Segundo disse Espinal à BBC, “as doenças emergentes ou reemergentes estão lá e fazem parte de nossa vida cotidiana”. Mas ele alerta que a epidemia do Covid-19 é muito mais séria e com consequências ainda imprevisíveis.

Pior que na Itália

A BBC ouviu Miguel Lago, diretor do Instituto de Estudos de Políticas de Saúde (IEPS), com sede no Rio de Janeiro, e ele acredita que o quadro italiano possa se repetir na América Latina.

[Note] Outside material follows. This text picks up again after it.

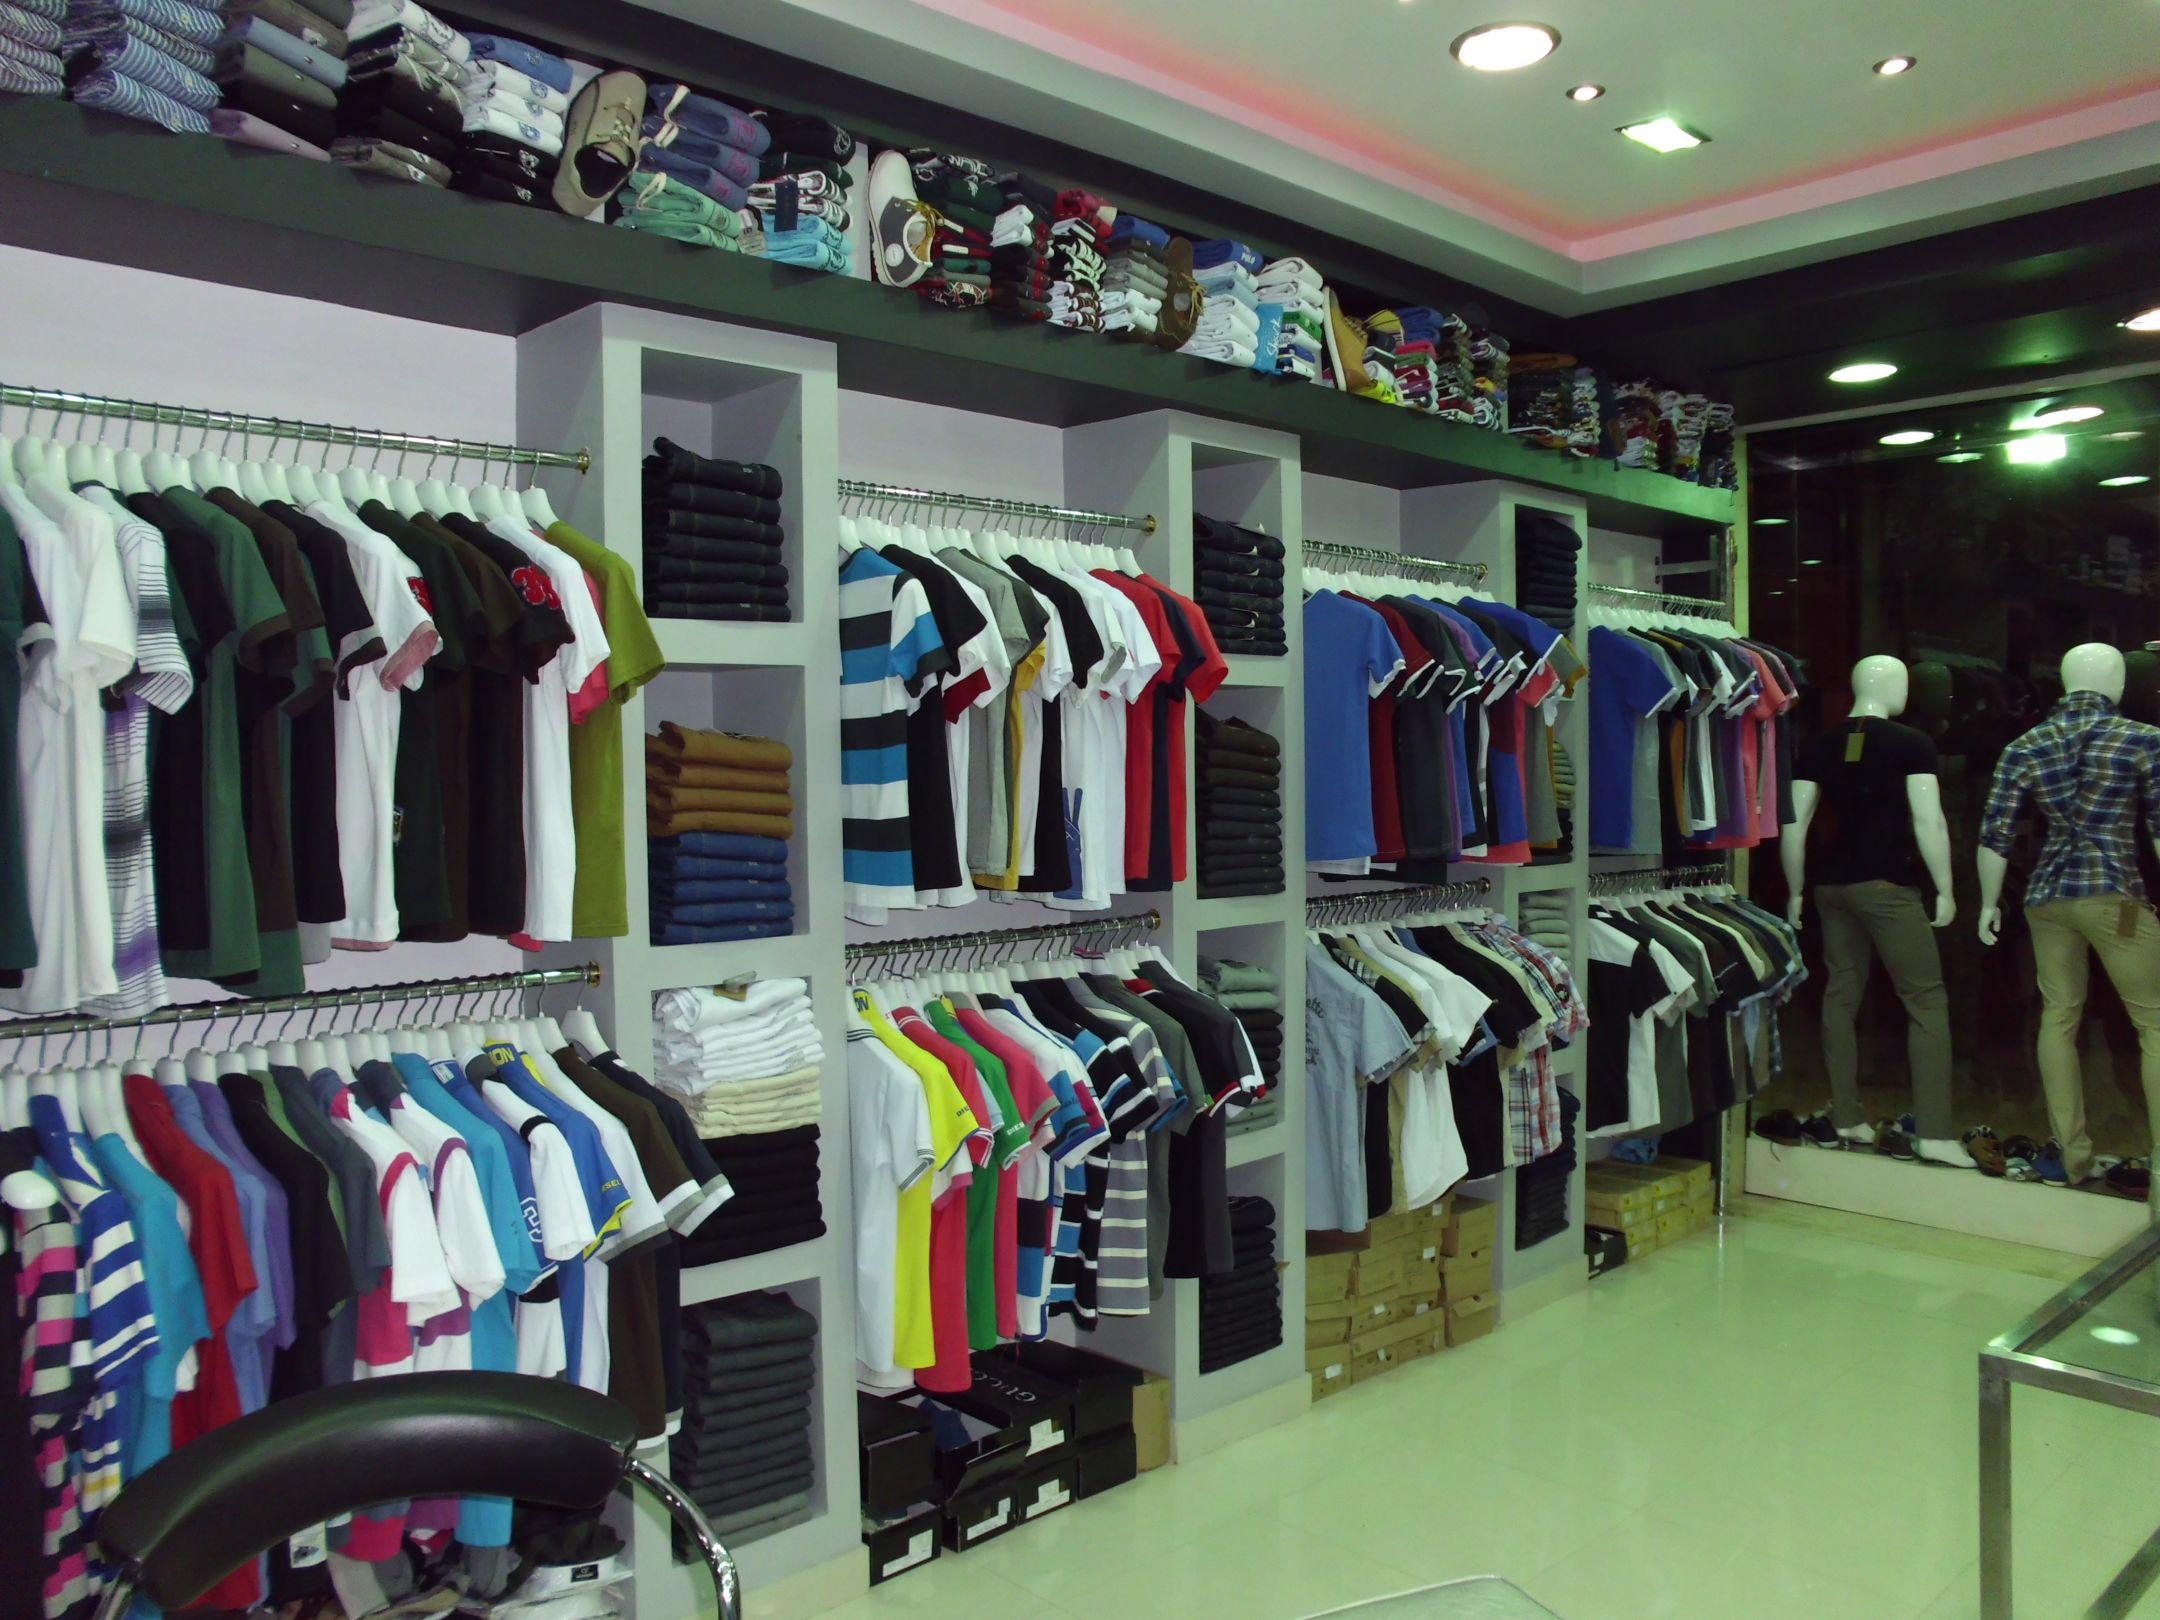 بالصور محلات ملابس , تعرف على احدث موديلات ملابس بالمحلات 1939 11

“É muito possível que aconteça na América Latina o que aconteceu na Itália ou talvez pior, porque a Itália investe quase 7% do PIB em saúde pública e possui um sistema mais forte que os de nossos países”, diz o especialista.

Ele lembra também que o México só investe 3% do PIB em saúde pública e o Brasil, só 4%.

“Isso nos afetará (o coronavírus). O importante é minimizar a possibilidade de surtos maciços e implementar medidas que nos ajudem a controlar o máximo possível a possibilidade de ocorrer o que está ocorrendo nos Estados Unidos, Itália, China ou Irã”, diz Espinal, da OPAS.

Sem vacina e sem um remédio que cure efetivamente o Covid-19, o isolamento social e a quarentena são as únicas armas que os países ensinaram para quem passou a enfrentar a pandemia por último.